Task details — Transcribe the whole listing exactly; the images stay out.

Given material —
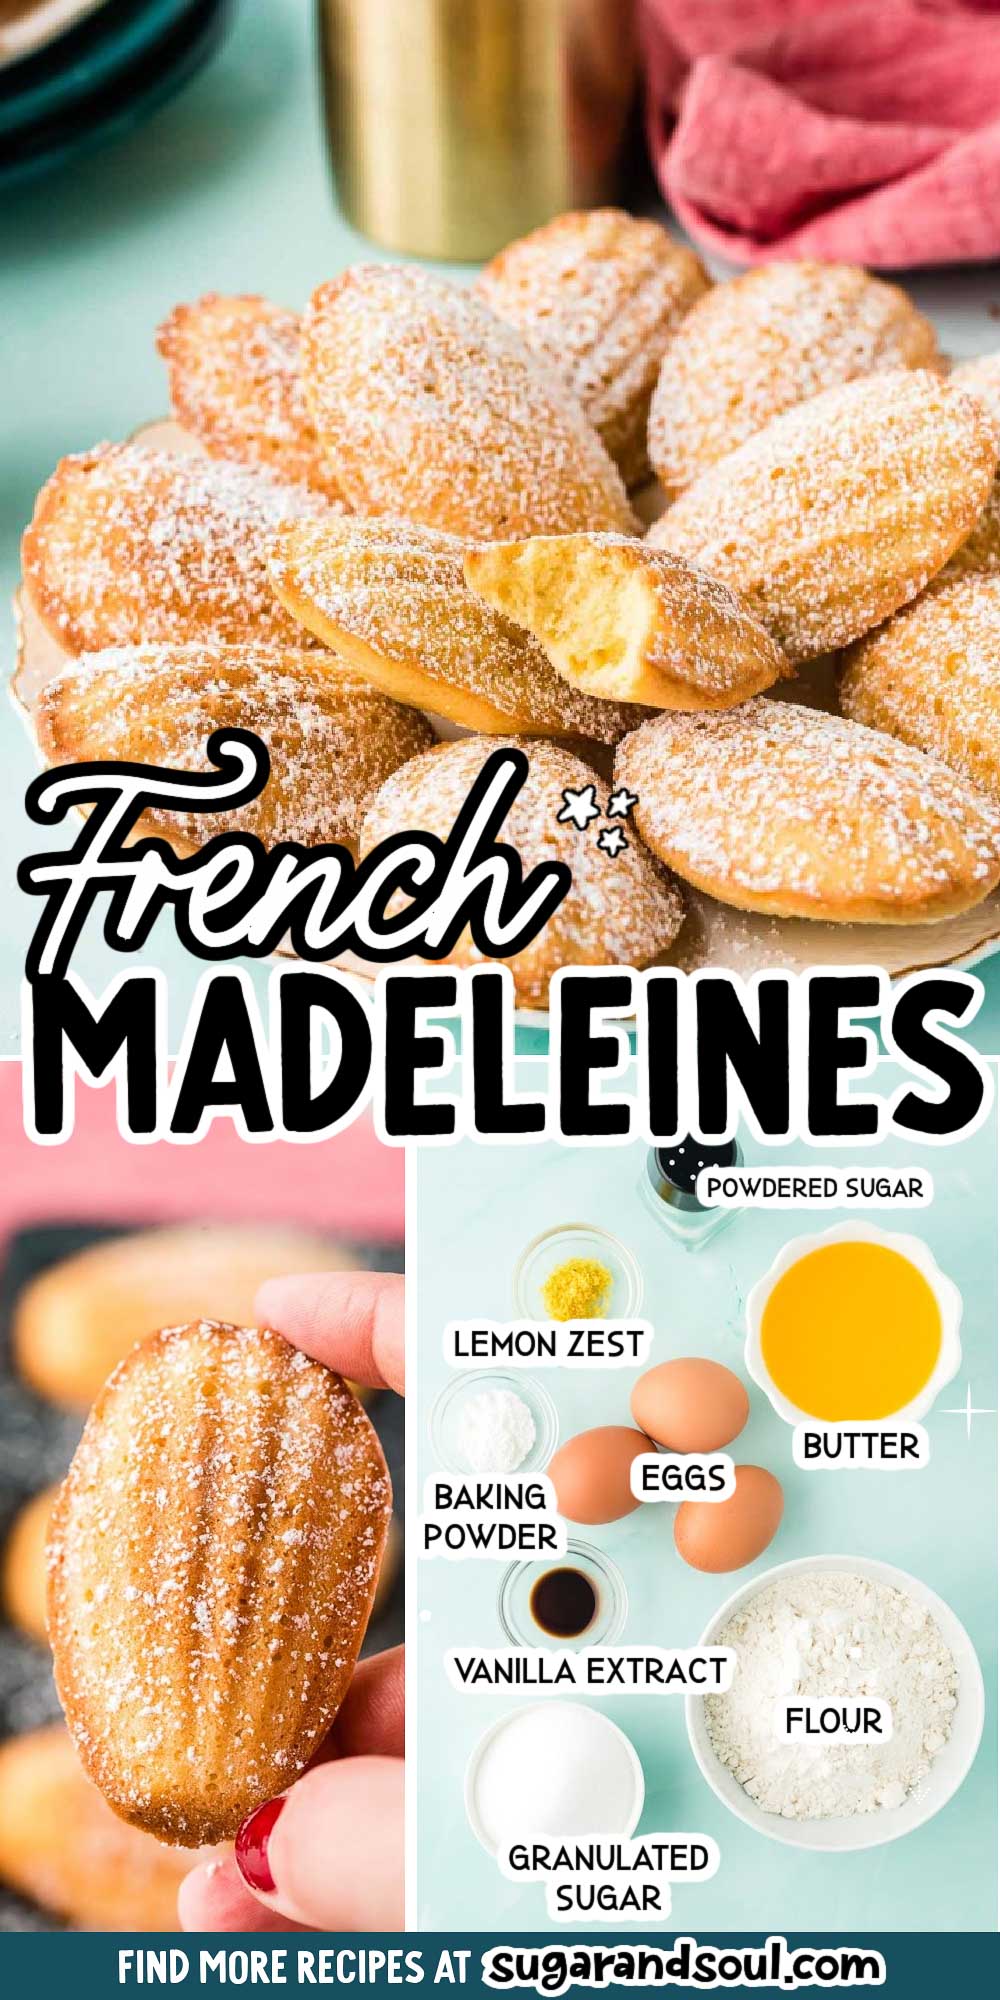 French Madeleines are light, airy, and buttery mini sponge cakes with a scalloped shell shape and golden crisp edges! These cakes are sweet with a hint of lemon, perfect for enjoying alongside a cup of hot tea or coffee! via @sugarandsoulco
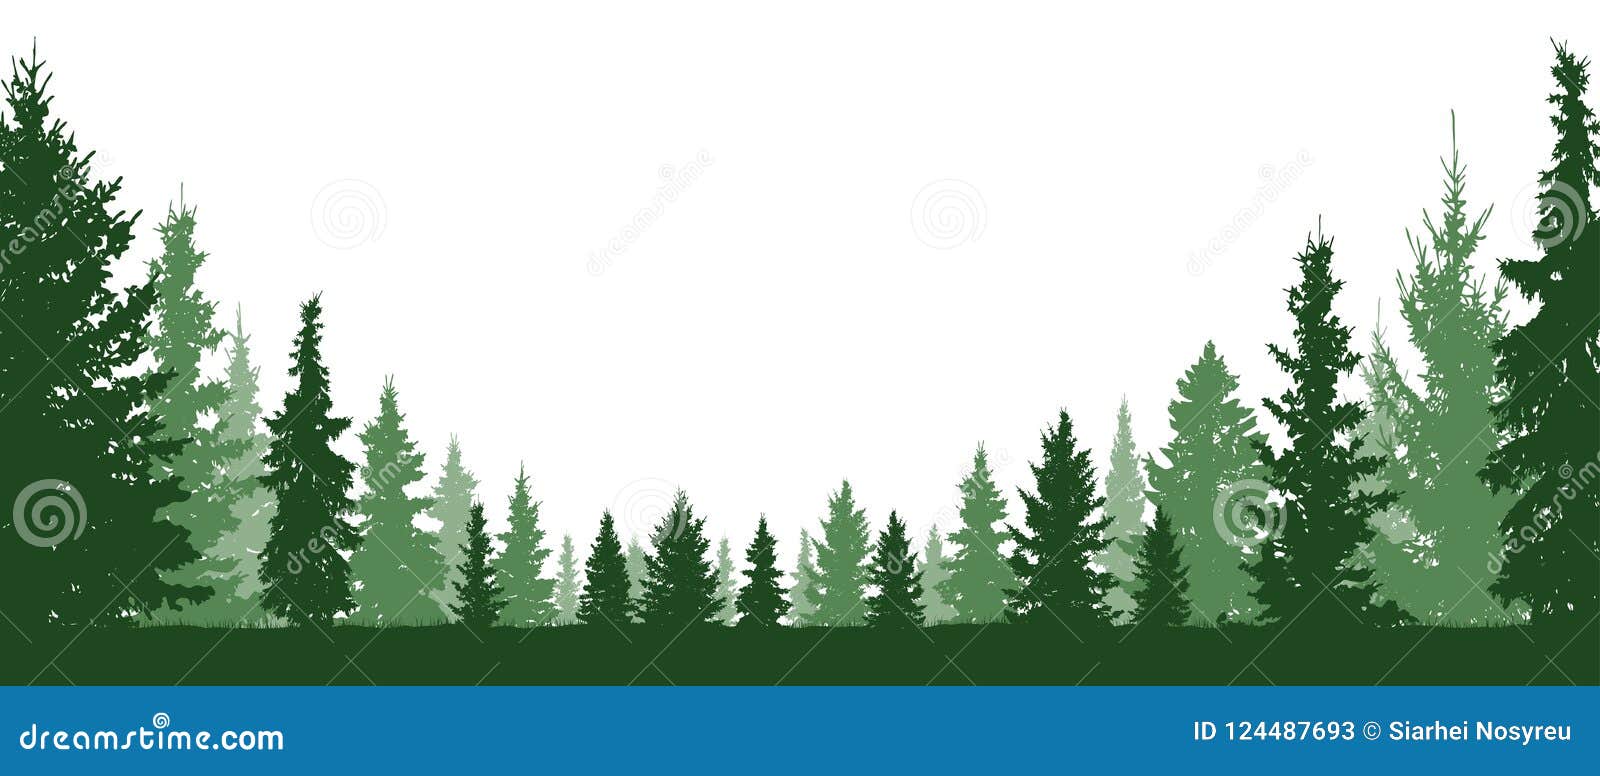 forest evergreen, coniferous trees, silhouette  background.
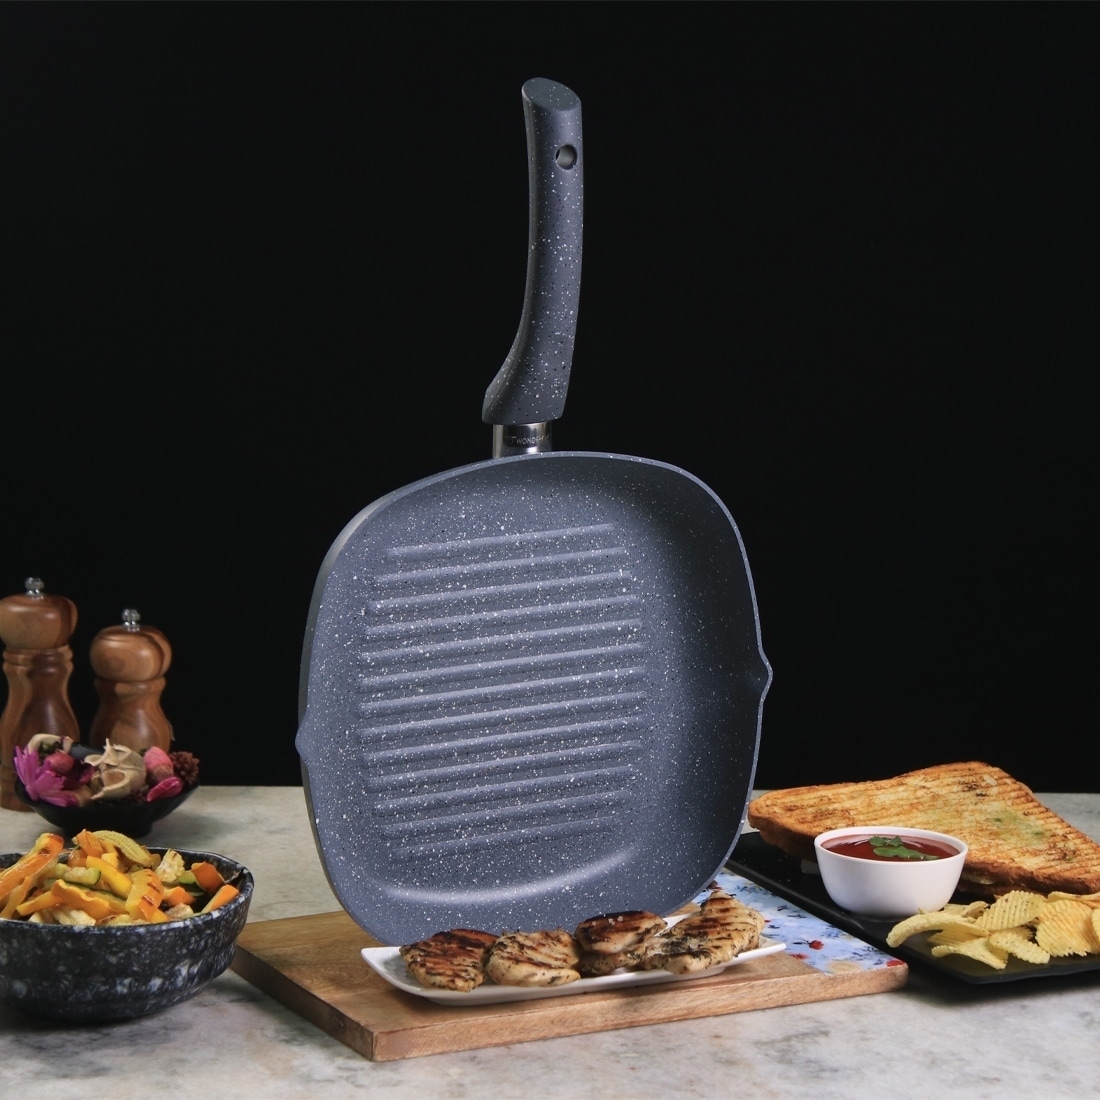 https://ak1.ostkcdn.com/images/products/30794408/Wonderchef-Granite-Forged-Non-Stick-and-PFOA-Free-Aluminum-Indian-Cooking-Grill-Pan-24cm-Gray-79c5a259-b309-48d3-a6e4-afbd08dce24d.jpg
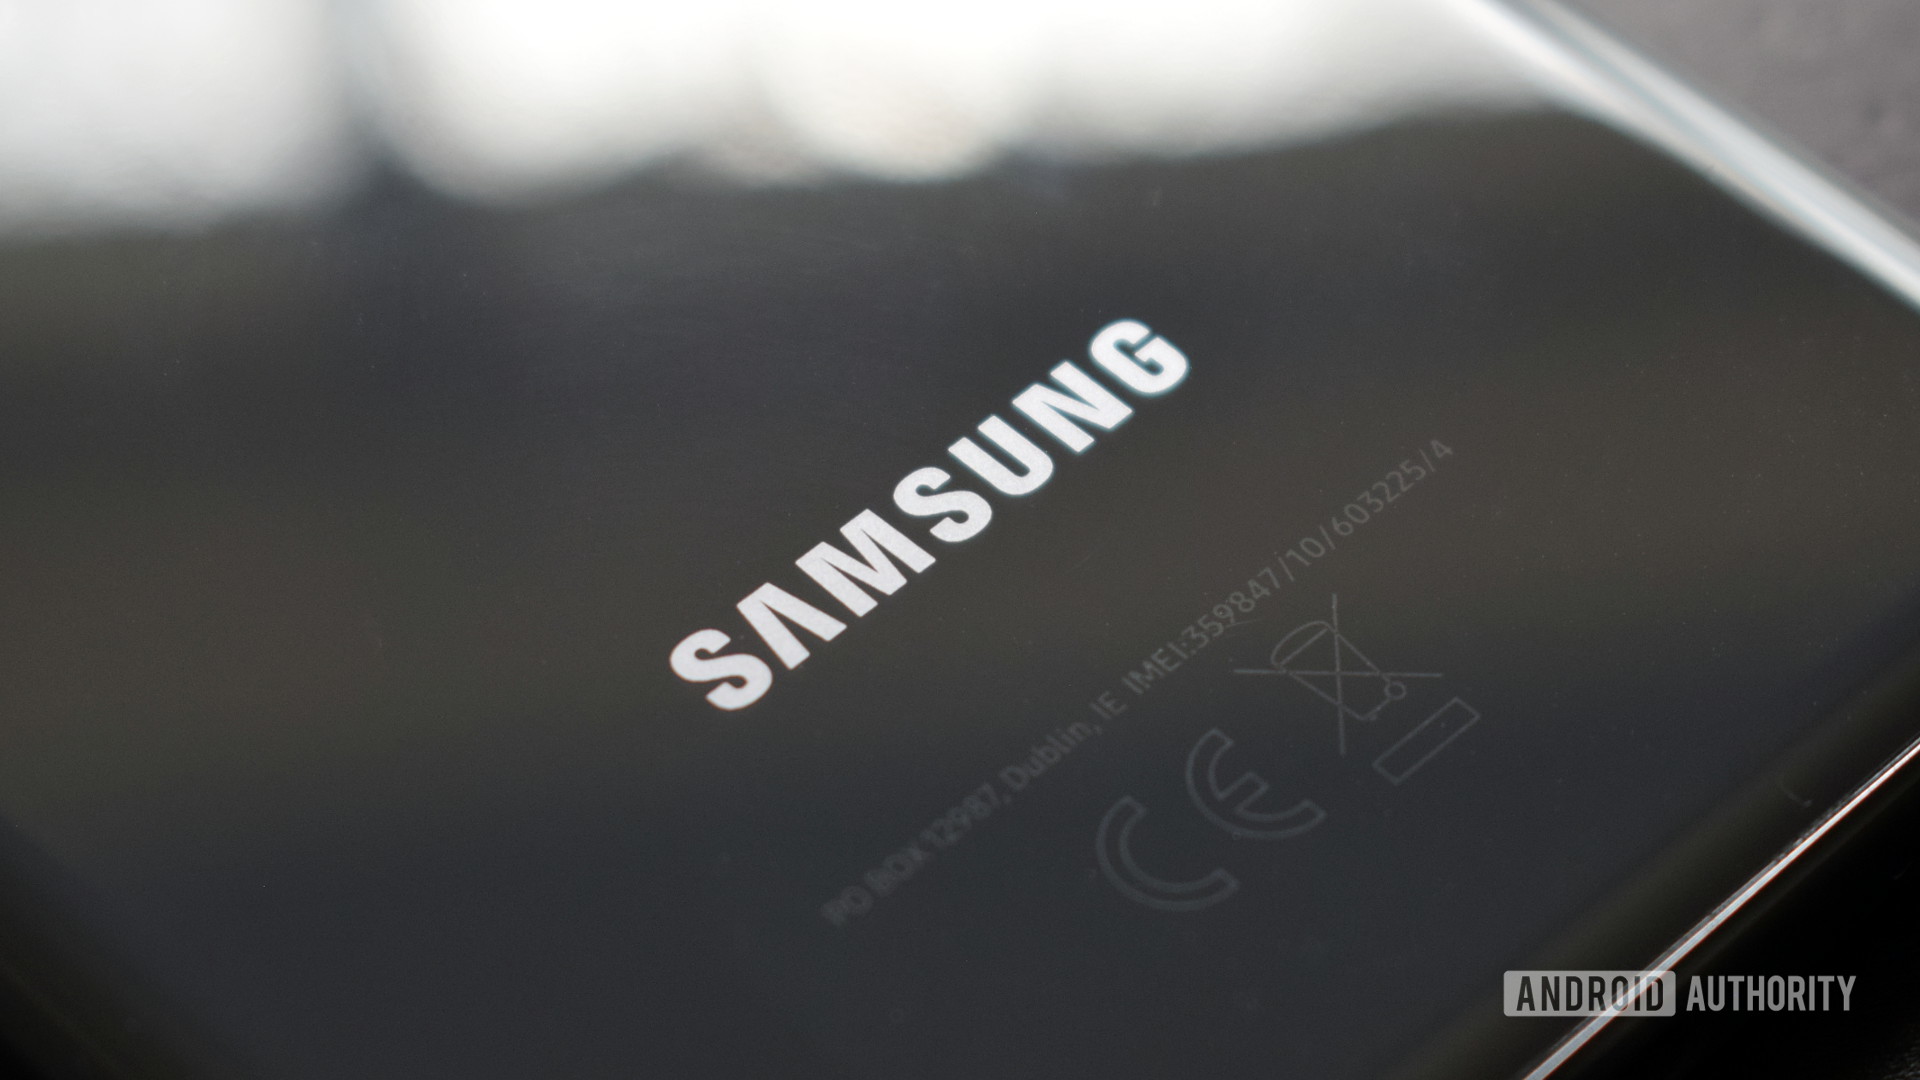 Samsung logo on the back of the Galaxy S20

Exercise result —
 French Madeleines are light, airy, and buttery mini sponge cakes with a scalloped shell shape and golden crisp edges! These cakes are sweet with a hint of lemon, perfect for enjoying alongside a cup of hot tea or coffee! via @sugarandsoulco
 forest evergreen, coniferous trees, silhouette  background.
 https://ak1.ostkcdn.com/images/products/30794408/Wonderchef-Granite-Forged-Non-Stick-and-PFOA-Free-Aluminum-Indian-Cooking-Grill-Pan-24cm-Gray-79c5a259-b309-48d3-a6e4-afbd08dce24d.jpg
 Samsung logo on the back of the Galaxy S20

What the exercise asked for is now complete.